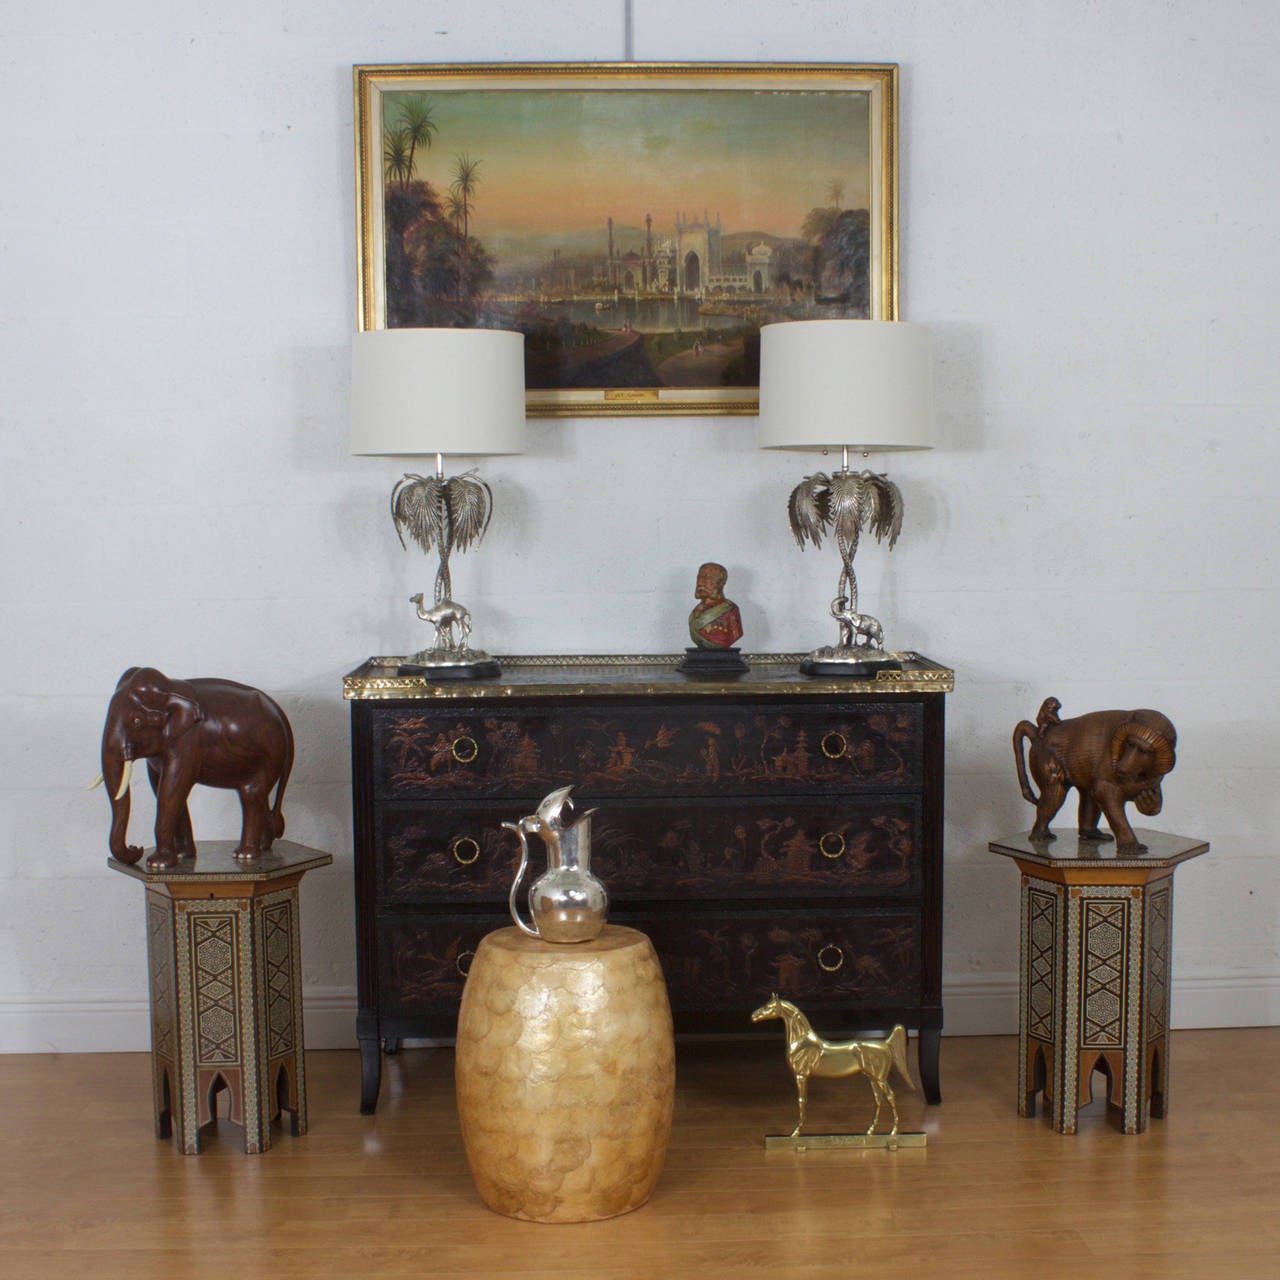 Pair of silvered metal table lamps with exotic tropical compositions that both have stylized palm trees on terra firma and one lamp with an Elephant and one with a Camel. Featuring bases and presented on biomorphic and ebonized plinths. Newly wired.
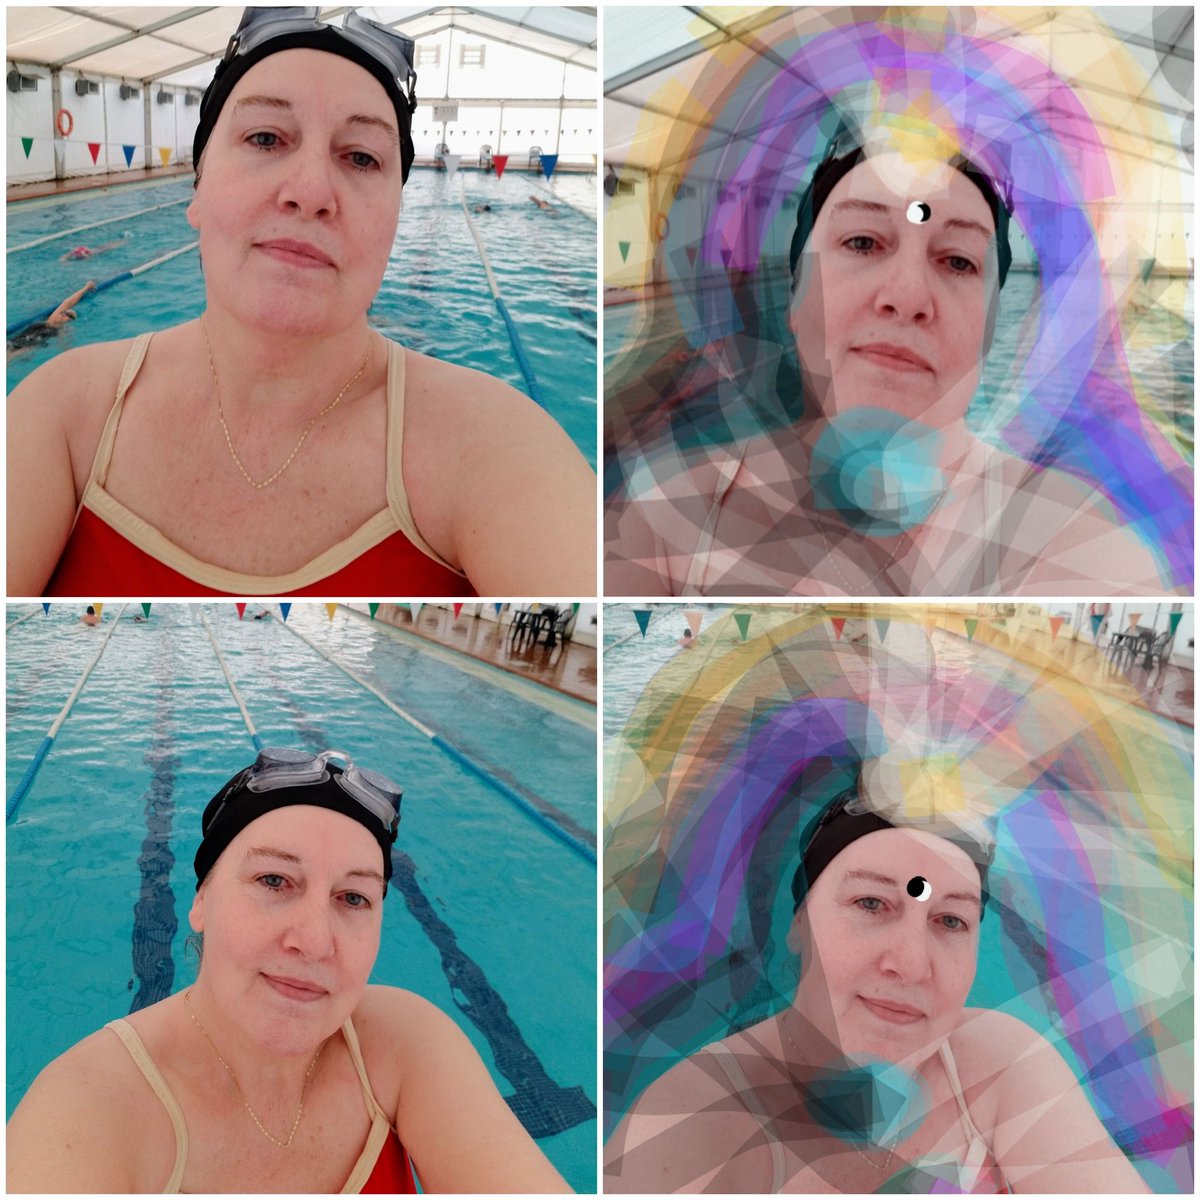 #Exercise wherever we are.
#Swimming best #sport 4 #body,
#mind & #soul, no matter the age.
#Water. #WaterTherapy. #AquaticYoga.

Sequences: with & without #Aura,
#chakras #Painted. #DigitalArt.
#Auraism © #XSolé
#Art of The #Light

#Piscina d. #Torredembarra
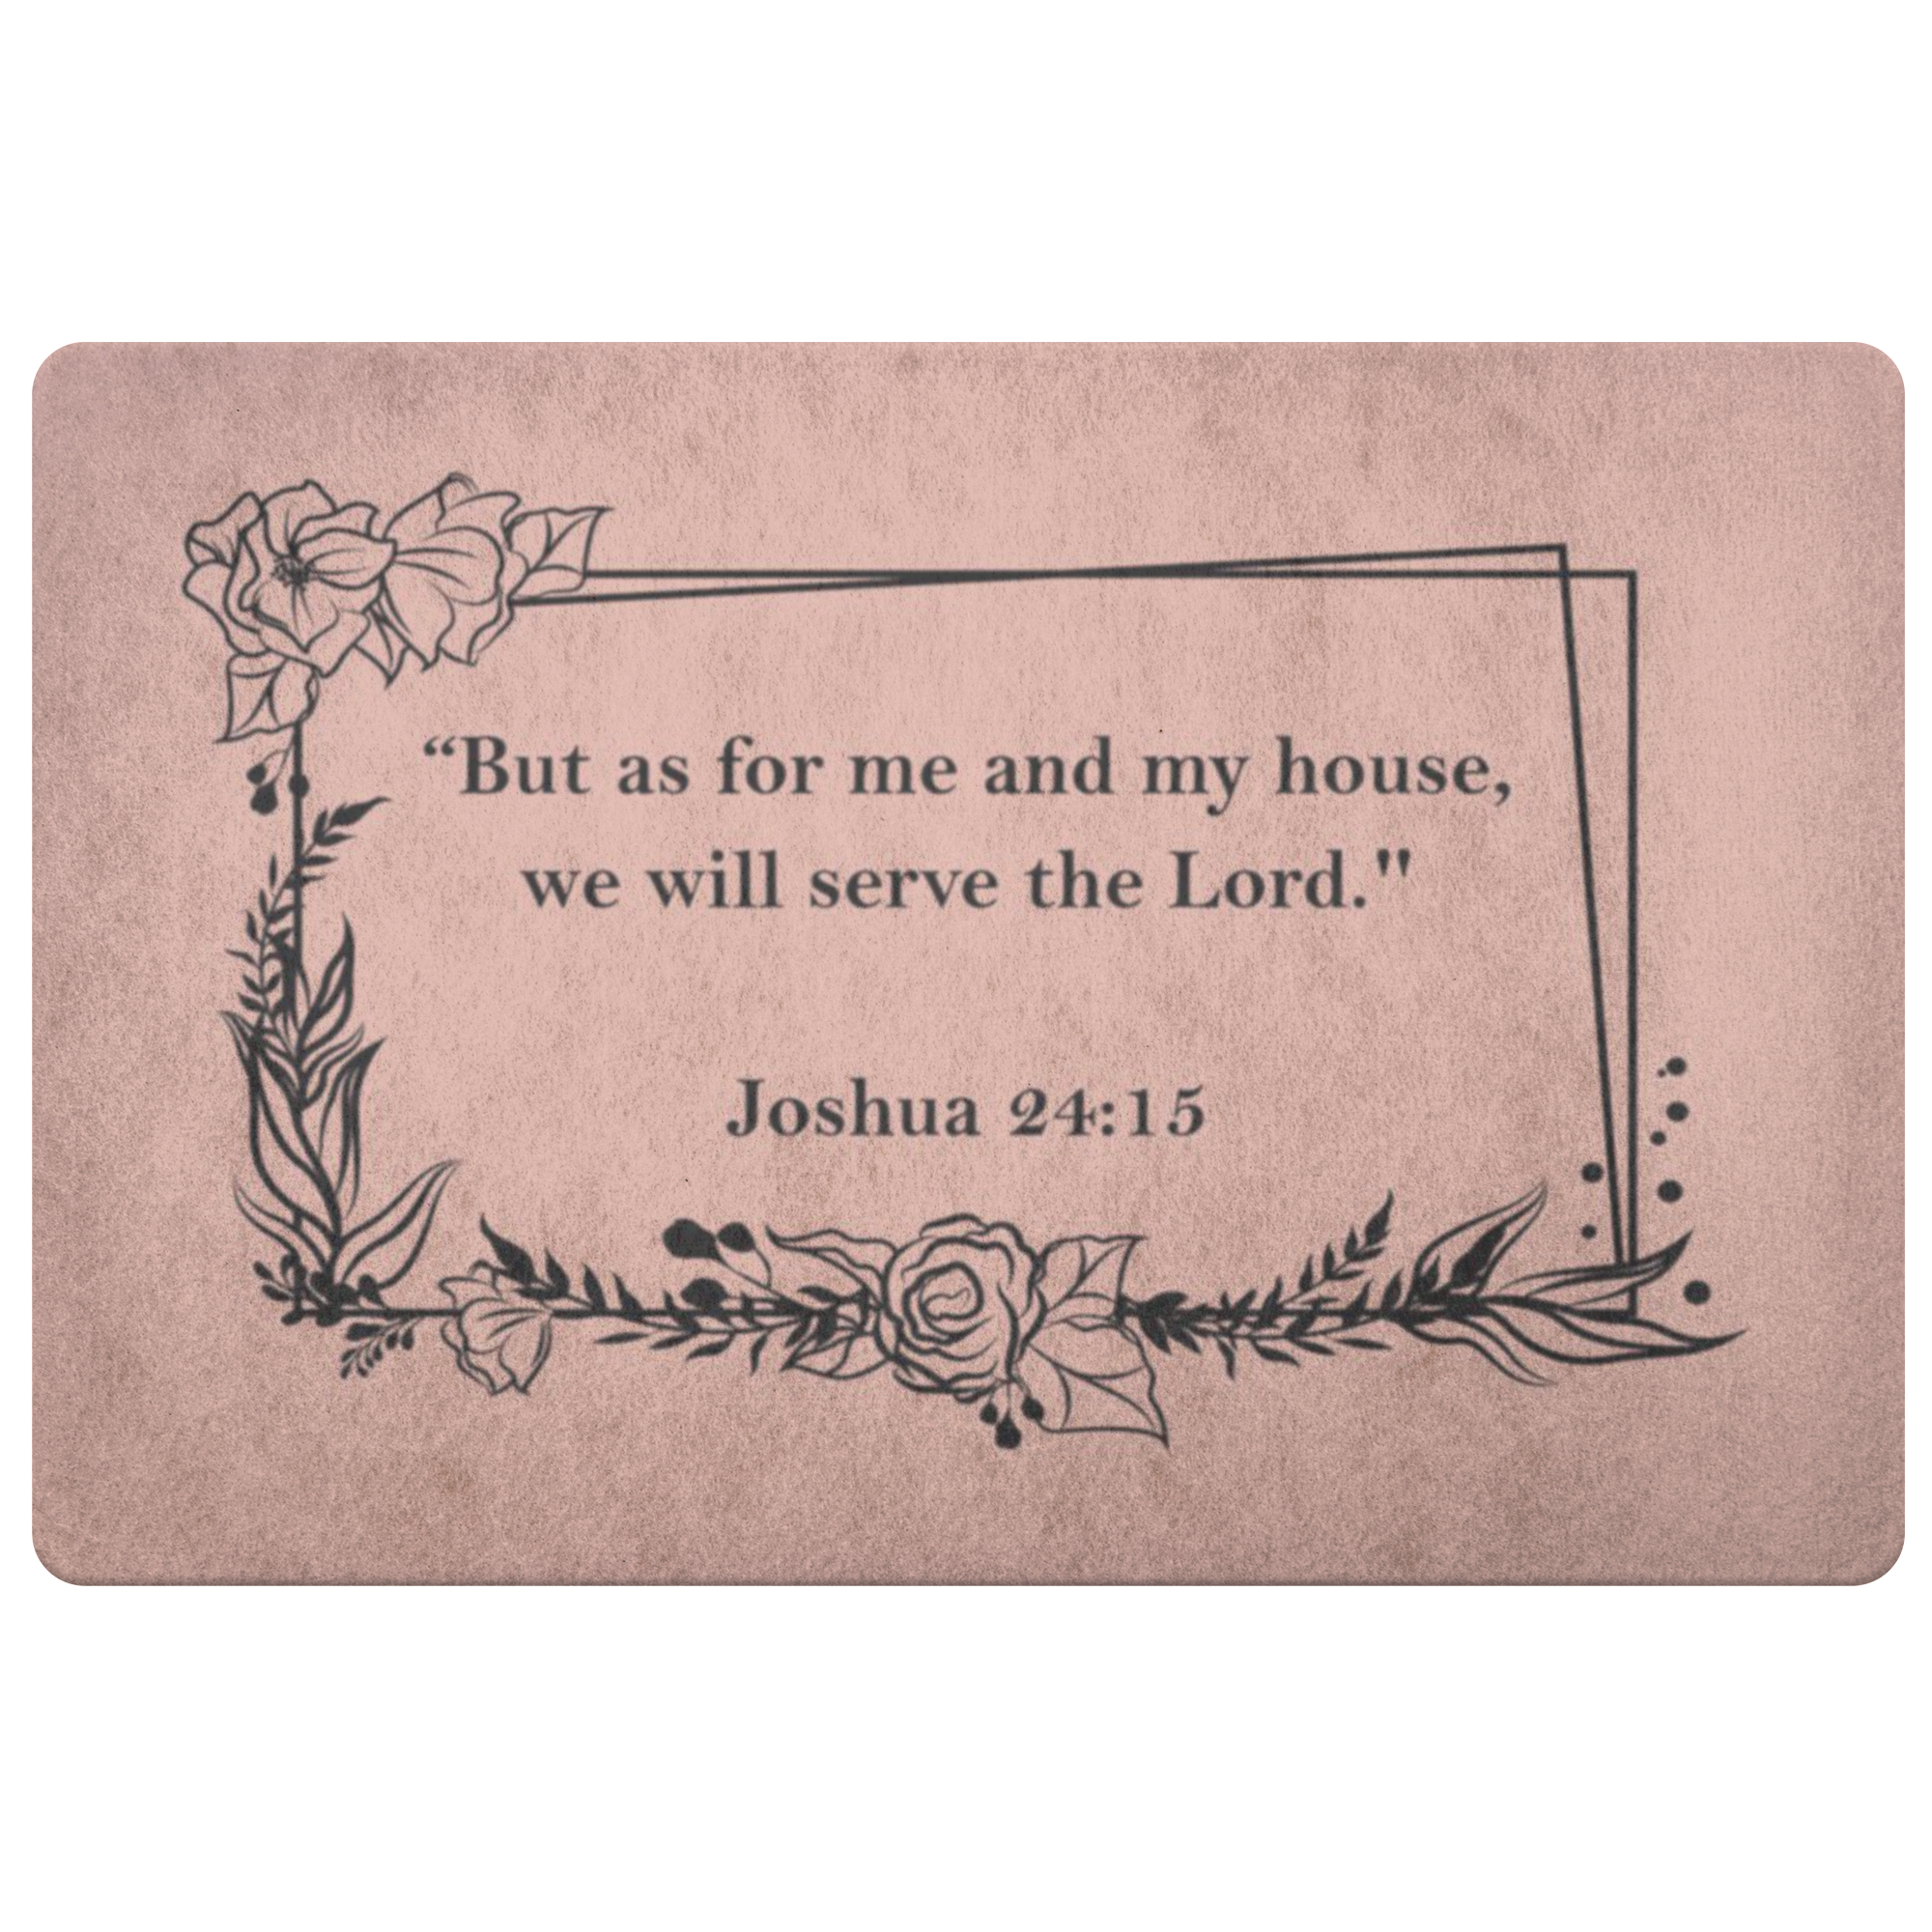 We Will Serve The Lord (Doormat)
+ + + + + + +
#### Work to be completed:
Extract all the entries word for word; omit any pictures.

#### Answer section:
 Pair of silvered metal table lamps with exotic tropical compositions that both have stylized palm trees on terra firma and one lamp with an Elephant and one with a Camel. Featuring bases and presented on biomorphic and ebonized plinths. Newly wired.
 #Exercise wherever we are.
#Swimming best #sport 4 #body,
#mind & #soul, no matter the age.
#Water. #WaterTherapy. #AquaticYoga.

Sequences: with & without #Aura,
#chakras #Painted. #DigitalArt.
#Auraism © #XSolé
#Art of The #Light

#Piscina d. #Torredembarra
 We Will Serve The Lord (Doormat)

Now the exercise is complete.